Der 20-jährige Nicolai Bähr aus Heidelberg muss zum Training bis nach Karlsruhe fahren. In Kirchhain kam für ihn im Achtelfinale das Aus. So wechselte er vom Fahrer- ins Helferlager, um von der Piste geflogene Minicars wieder auf die Strecke zu stellen.

Abflüge sind bei Spitzengeschwindigkeiten um 120 Kilometer pro Stunde keine Seltenheit. Die Motoren schaffen sagenhafte 46000 Umdrehungen pro Minute und mit dieser Motorleistung brauchen die besten Fahrer nur blanke 12 Sekunden für eine Runde. Exakte Zeitnahme ist durch eingebaute Transponder Stand der Technik. Nach jedem Rennen wird eine Statistik mit exakten Rundenzeiten ausgehängt, die die Fahrer sorgfältig studieren und auswerten.

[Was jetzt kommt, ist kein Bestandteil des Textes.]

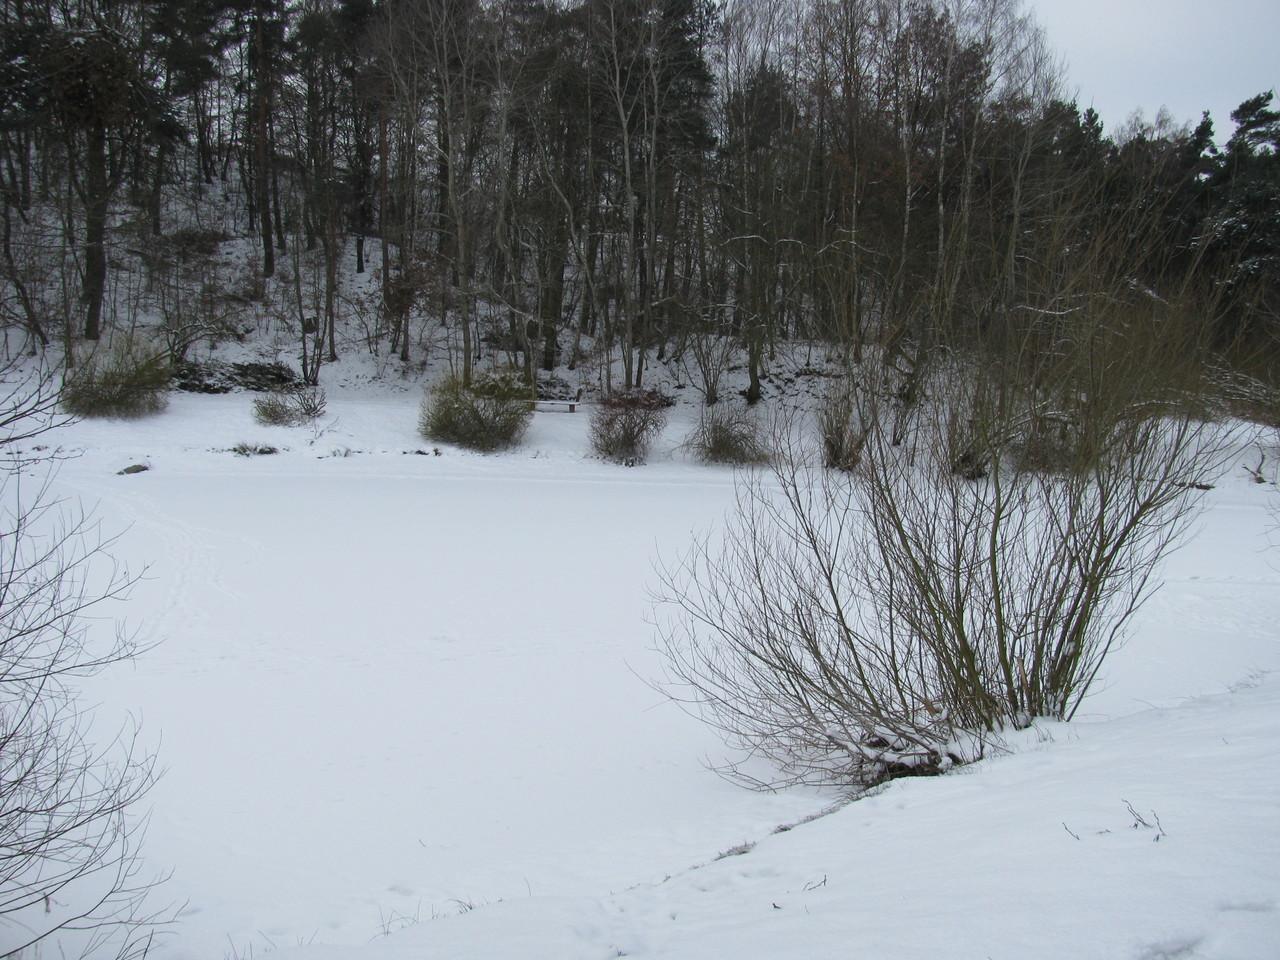 Winter am Stausee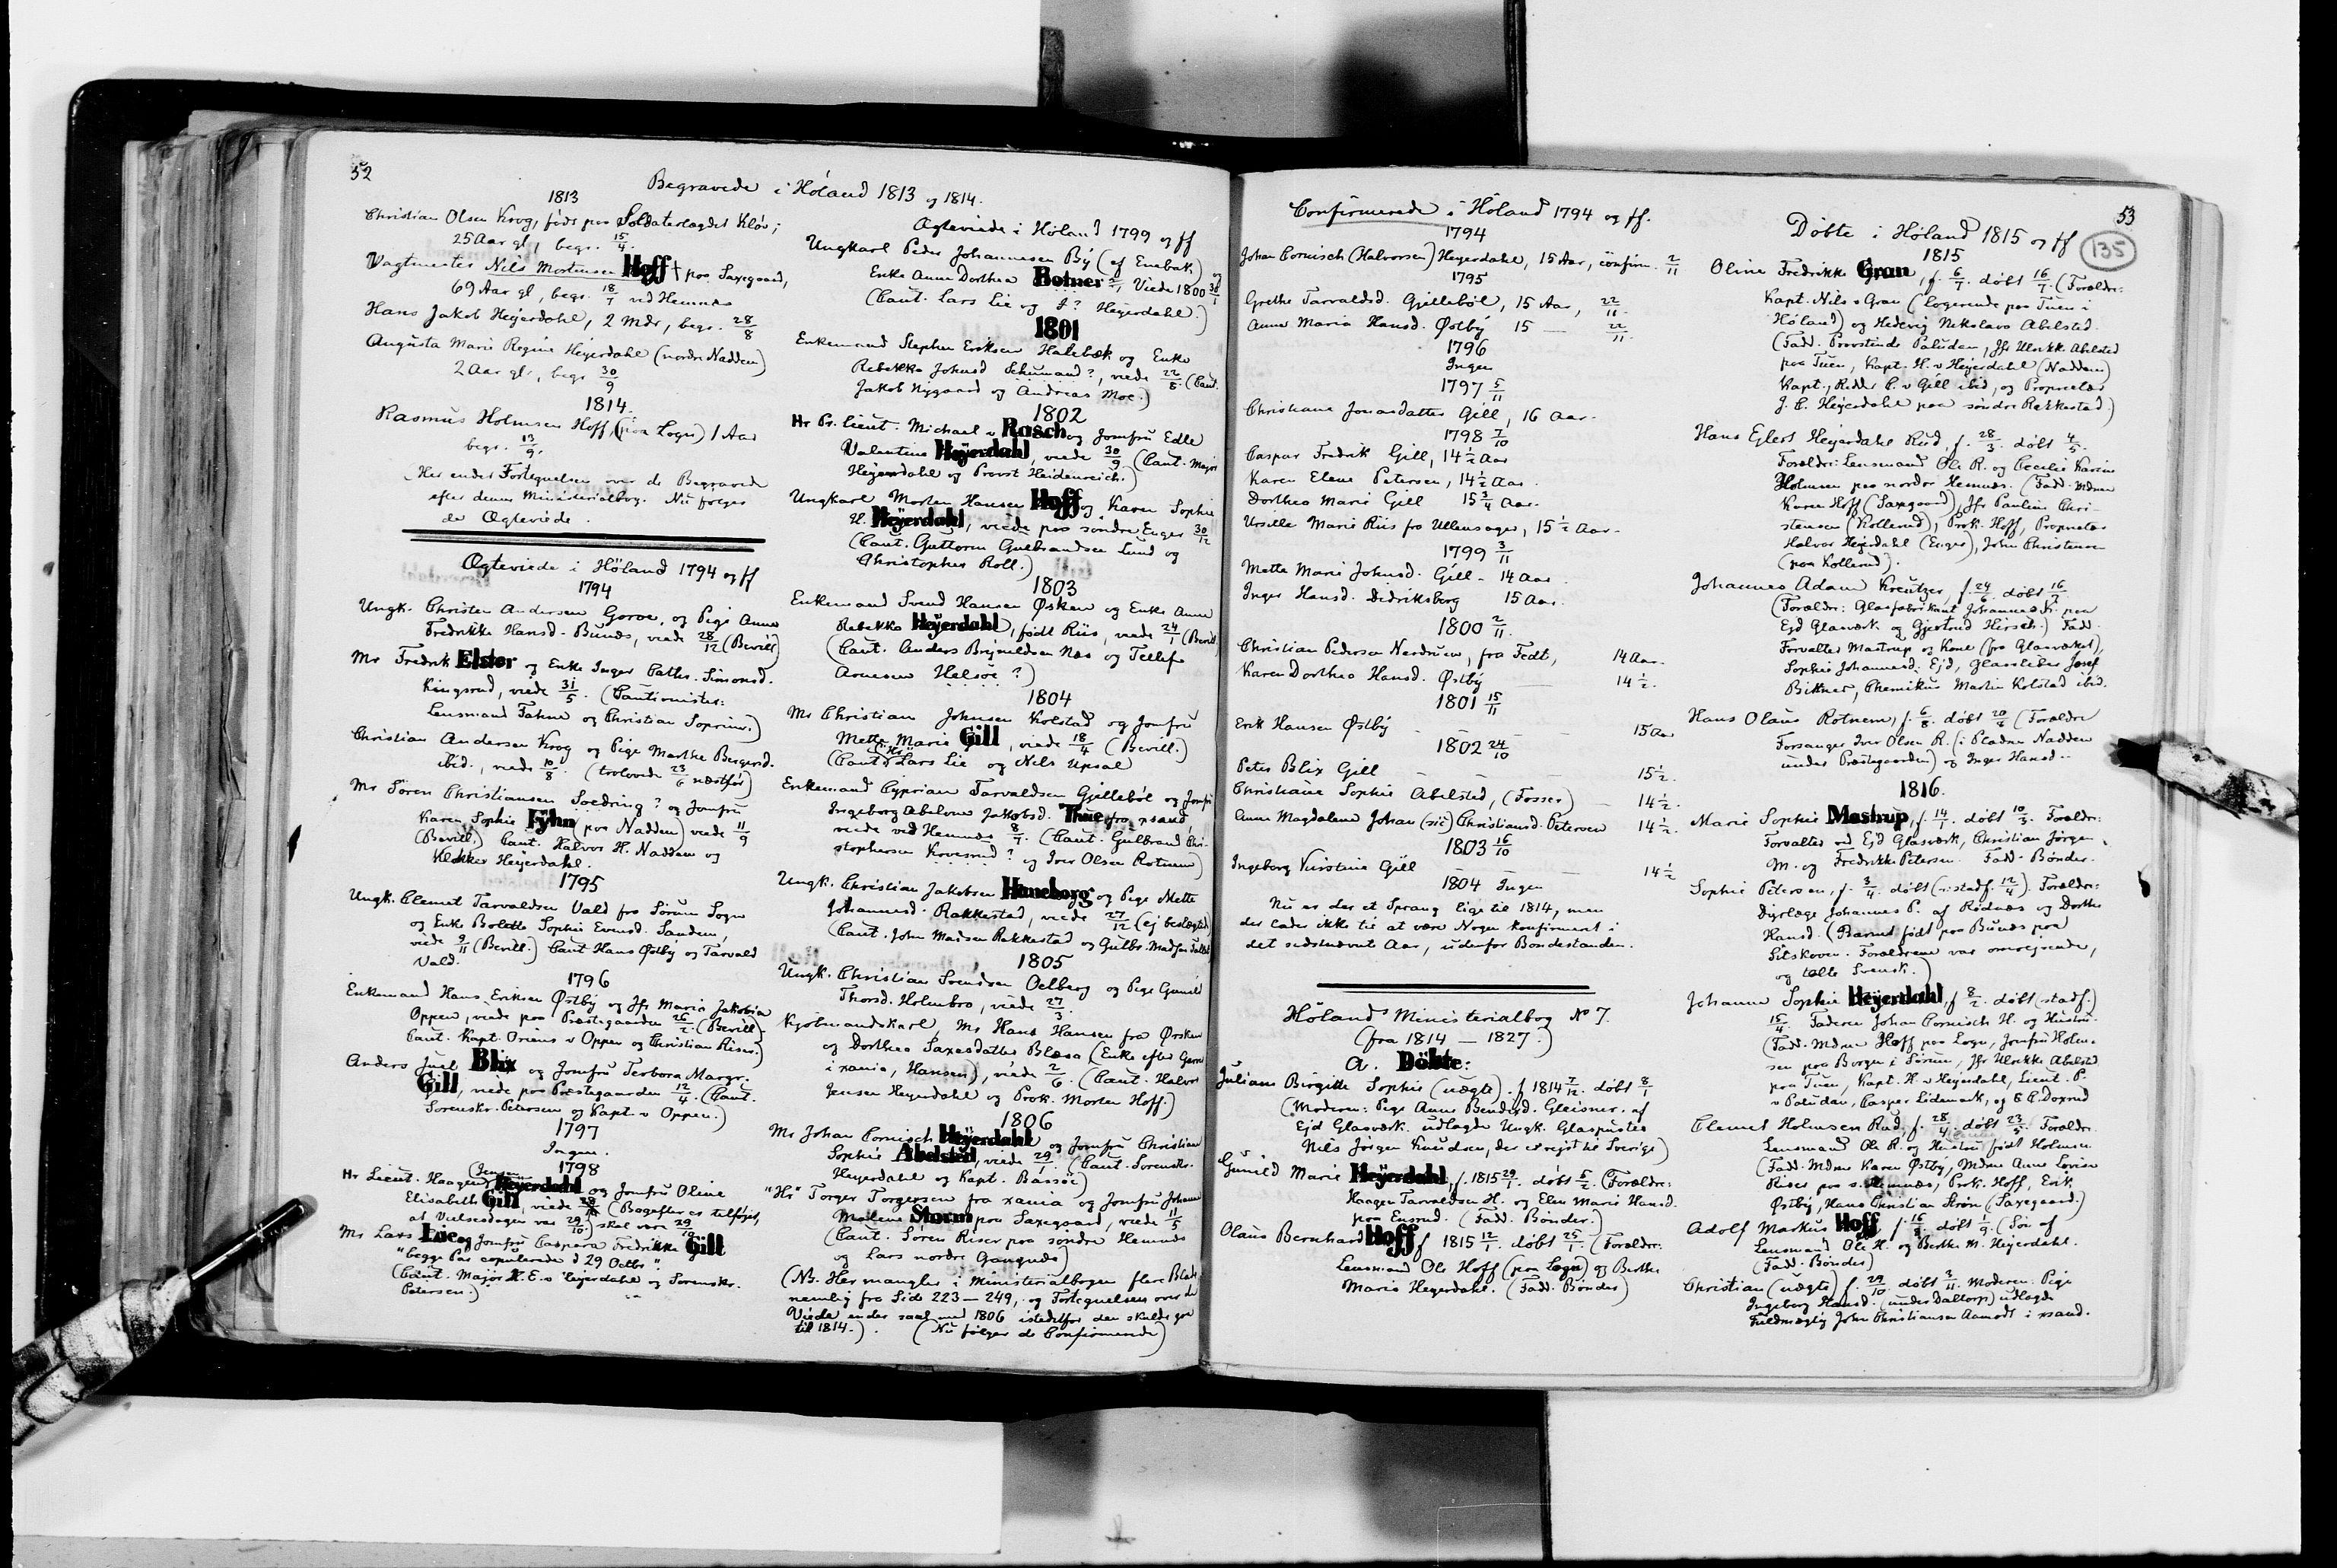 RA, Lassens samlinger, F/Fc, s. 135

Dauern die Vorläufe noch jeweils 5 Minuten, werden im Achtel- und Viertelfinale 15 Minuten höchste Konzentration verlangt. Die Halbfinalläufe dauern 30 Minuten und die besten 10 Fahrer messen sich 45 Minuten lang, um ihren Sieger zu ermitteln.

Da alle vier bis fünf Minuten nachgetankt werden muss, ist klar, dass jeder Fahrer auch einen Helfer in der Boxengasse braucht. Spätestens hier sieht man auch Frauen im Einsatz, die an der Fernsteuerung äußerst selten anzutreffen sind. Auch für den so genannten Le- Mans-Start sind die Helfer unverzichtbar.

Seit 1980 ist der Motor-Sport-Club Kirchhain aktiv. Alle der 60 verfügbaren Vereinsmitglieder waren am Wochenende im Einsatz. An vorderster Front Vorsitzender Jürgen Schuch, der als Rennsportleiter keinen Protest entscheiden musste. „Das Wichtigste ist, dass die Teilnehmer zufrieden sind“, sagte er und das waren sie. Allen voran der Einheimische Christian Willert, der sich bei den Senioren in der Klasse 2 mit dem 4. Platz den Titel des Deutschen Meisters sicherte. Seine Kirchhainer Mitstreiter Sven-Michael Lienhop und Wolfgang Hederich belegten in der gleichen Klasse die Plätze 11 und 13.

Deutscher Meister mit einem Start-Ziel-Sieg in der Fahrerklasse 1 wurde Weltmeister Robert Pietsch aus Rosenheim, der nach einer dreiviertel Stunde Rennzeit eine Runde Vorsprung auf den Wiesbadener Oliver Mack herausgefahren hatte.